Key messages
• There is growing consensus that midwifery has an important contribution to make to
high-quality maternal and newborn infant care. However, understanding of midwifery
is restricted by a failure to apply consistent definitions in implementation of
midwifery, resulting in a mixed workforce of professional and non-professional staff ,
many of whom provide only some components of midwifery care.
• We agreed on a definition of midwifery and used a mixed-methods approach to
develop and test a framework for quality maternal and newborn care that describes
the characteristics of care that childbearing women, infants, and families need in all
countries.
• Analysis of 461 systematic reviews shows that 56 outcomes, including survival, health,
wellbeing of women and infants, and efficient use of resources can be improved by
practices that lie within the scope of midwifery.
• 62% of the 72 eff ective practices within the scope of midwifery show the importance of
optimisation of normal processes of reproduction and early life and strengthening of
women’s capabilities to care for themselves and their families.
• Findings of studies examining several providers active in provision of midwifery care
identified few benefits when reliance was solely on low-skilled health-care workers.

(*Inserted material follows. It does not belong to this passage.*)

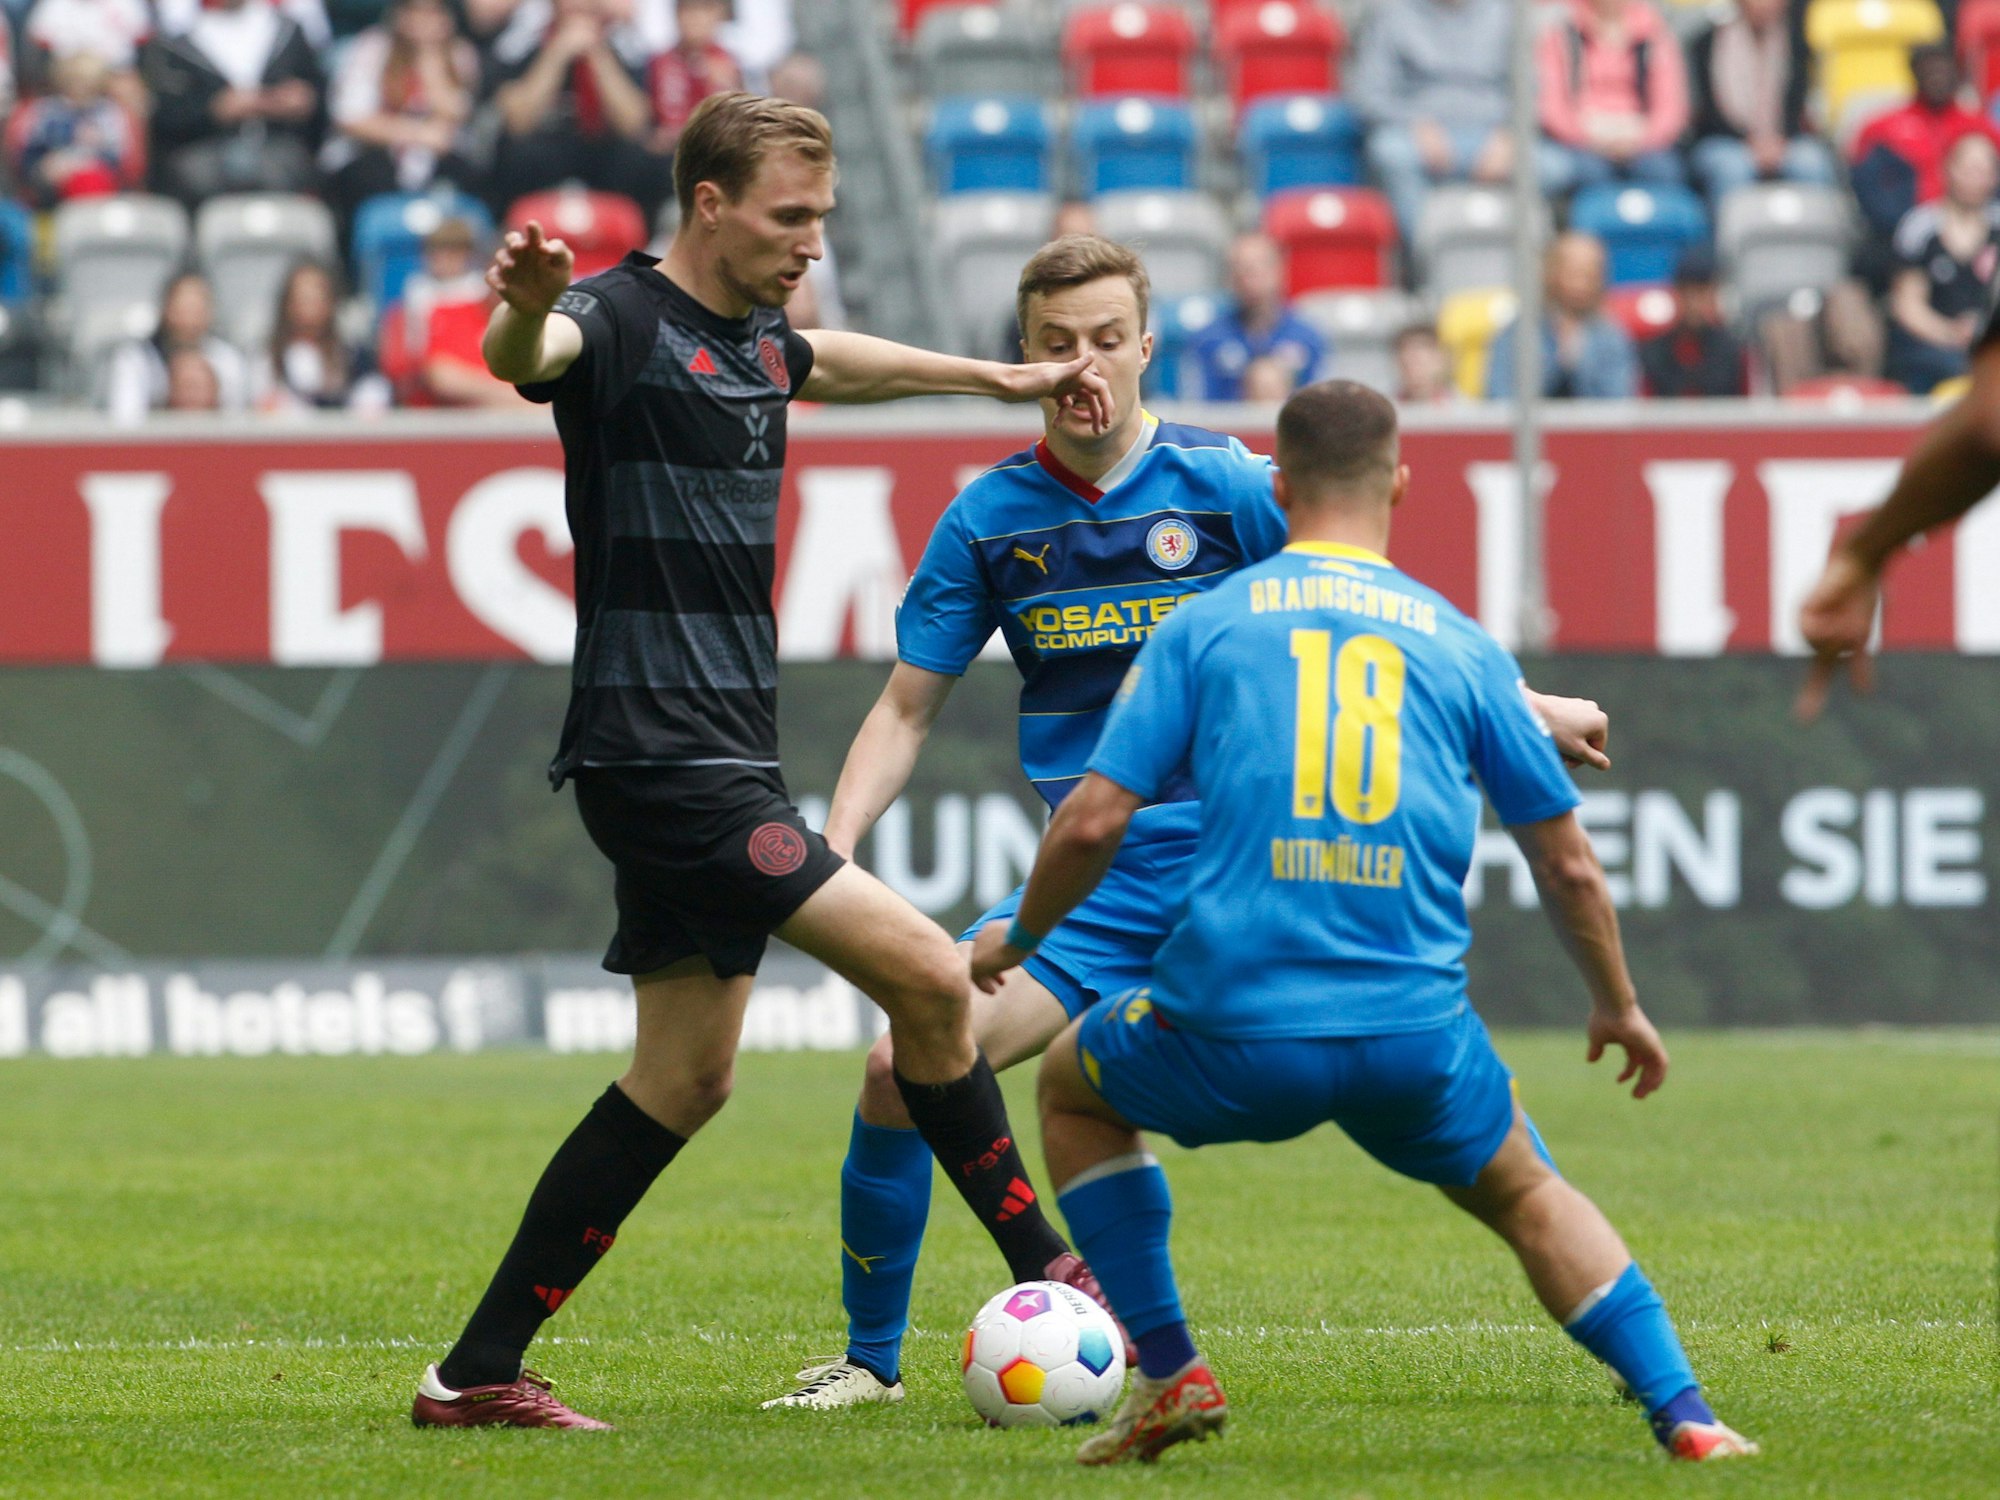 Fortuna Düsseldorfs Vincent Vermeij und der Braunschweiger Marvin Rittmüller kämpfen um den Ball.

Midwifery was associated with improved efficient use of resources and outcomes
when provided by midwives who were educated, trained, licensed, and regulated, and
midwives were most effective when integrated into the health system in the context
of effective teamwork, referral mechanisms, and sufficient resources.
• Case studies from Brazil, China, and India show the tendency of health systems in
rapid development to adopt a model relying on the routine use of medical
interventions, without the balance brought by midwifery.
• These findings support a system-level shift, from fragmented maternal and newborn
care focused on identification and treatment of pathology, to skilled care for all, with
preventive and supportive care, and treatment of pathology when needed through
interdisciplinary teamwork and integration across facility and community settings.
Midwifery is pivotal to this approach.